- Bengali: কর্পূর
- Literally: Camphor
- Directed by: Arindam Sil
- Based on: Antardhaner Nepothye by Dipanwita Roy
- Written by: Subhasish Guha (screenplay & dialogues)
- Story by: Dipanwita Roy
- Produced by: Firdausul Hasan Prabal Halder Adipta Majumder
- Starring: Rituparna Sengupta Bratya Basu Saheb Chatterjee Kunal Ghosh Arpan Ghoshal Lahoma Bhattacharya Ananya Banerjee
- Cinematography: Anirban Chatterjee
- Edited by: Sanglap Bhowmik
- Music by: Rathijit Bhattacharjee
- Production companies: Friends Communication Kahhak Studios
- Distributed by: PVR Inox Pictures
- Release date: 19 March 2026;
- Running time: 150 minutes
- Country: India
- Language: Bengali

= Korpur =

2026 Bengali film

Korpur (/bn/; কর্পূর) is a 2026 Indian Bengali-language political thriller film directed by Arindam Sil. Produced by Firdausul Hasan, Prabal Halder and Adipta Majumder under the banners of Friends Communication and Kahhak Studios respectively, the film is based on Dipanwita Roy's novel Antardhaner Nepothye, which focuses on the unsolved case of disappearance of Manisha Mukhopadhyay, the then the assistant controller of examinations at Calcutta University.

The movie released on 19 March 2026 under the banner of Friends Communication. This is the debut film of Bengali political personality Kunal Ghosh.

==Plot==
Back in 1997, Moushumi Sen, a University Exam Controller, vanished without a trace during a massive 50-crore scandal. The media insisted she escaped to London, but a gagged police officer sensed a much deeper, sinister political plot. Fast forward twenty two years, investigative journalist Anupam reignites the dormant case, bringing to light a deep-seated web of systemic corruption.

==Cast==
- Rituparna Sengupta as Mousumi Sen, Exam Controller in 1997
- Saheb Chatterjee as Niloy Biswas
- Bratya Basu as Rakhohori Goswami, OC in 1997
- Lahoma Bhattacharjee as Susmita Sen, Mousumi's daughter/ Riya Tamang (fake identity)
- Kunal Ghosh as Shankar Mallik, member of ruling party in 1997
- Arindam Sil as Sukhen Sen, Mousumi's estranged husband
- Arpan Ghoshal as Anupam Roy
- Ananya Banerjee as Gairika
- Rumki Chatterjee as Mousumi's mother
- Kanad Maitra
- Sanjib Sarkar as Mohit Basu
- Pradipta Roy
- Avishek De Biswas

==Reception==
Shampali Mullick of Sangbad Pratidin reviewed the film, noting that it effectively draws the viewer in from the opening scene. The review highlights how the political thriller balances its tense narrative with human emotions. While the film is inspired by Dipanwita Roy's novel Antardhaner Nepothye and the real-life disappearance of a university official in 1997, Mullick observes that the screenplay makes necessary changes for cinematic adaptation. The film's exploration of an alleged education scam is noted as a compelling element in the journey to uncover the mystery.

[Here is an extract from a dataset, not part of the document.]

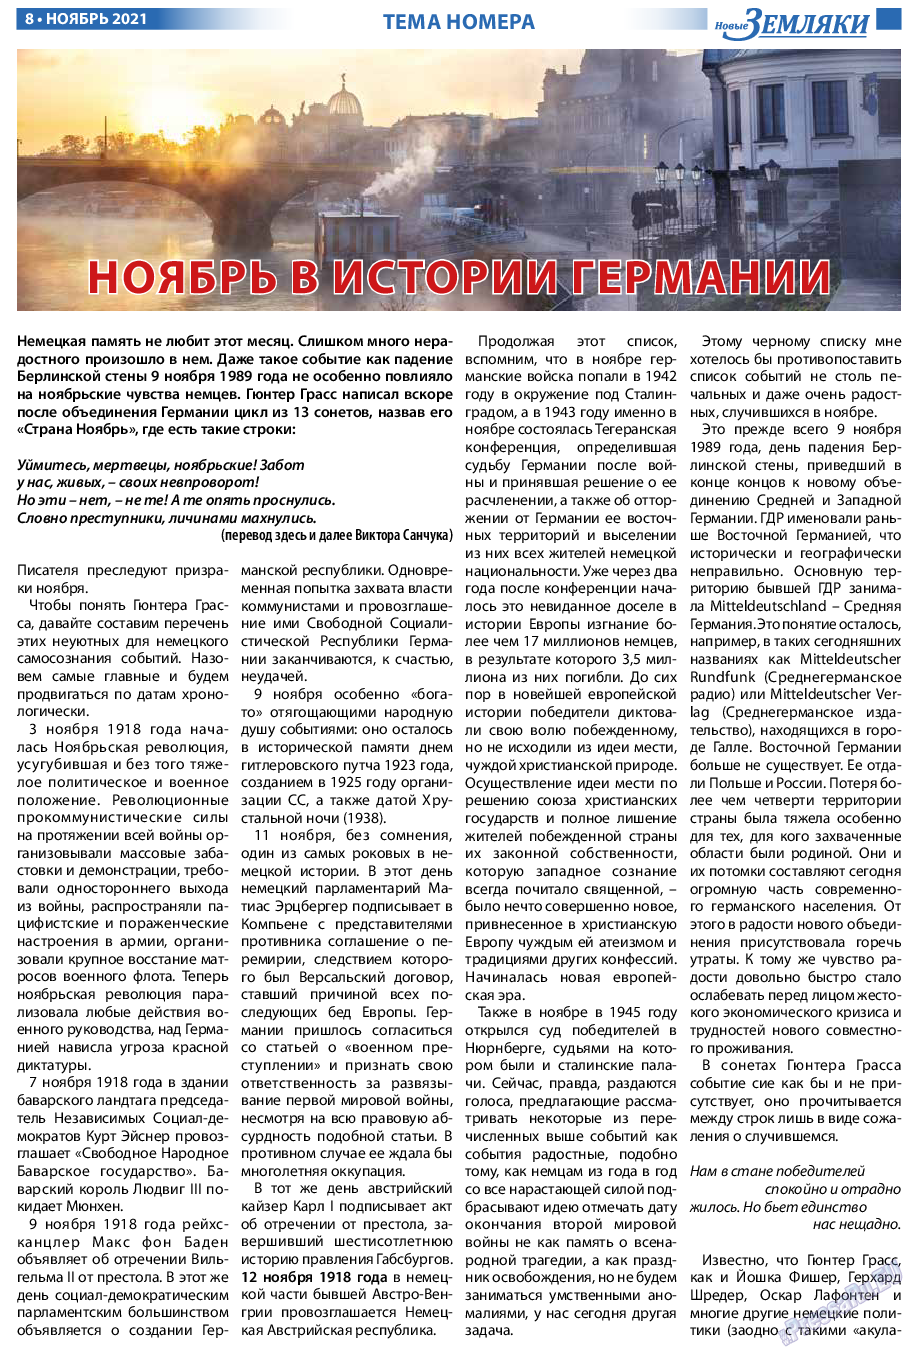 Новые Земляки, газета. 2021 №11 стр.8

Reviewing for Aaro Ananda, critic noted that while the film focuses on the Left Front era’s education corruption without engaging in political debate, its propaganda elements are evident through repeated imagery. However, the review praised Rituparna Sengupta’s “effortless and flawless” performance as the film’s soul, alongside strong supporting turns from Bratya Basu, Saheb Chatterjee, Arpan Ghoshal, and Kunal Ghosh. The first half was described as taut and engaging, with the mystery deepening in the second. Criticisms included an overlong climax that “loses its thread,” odd-looking wig work in flashbacks, and shortcomings in editing. The film received a rating of 2.5 out of 5.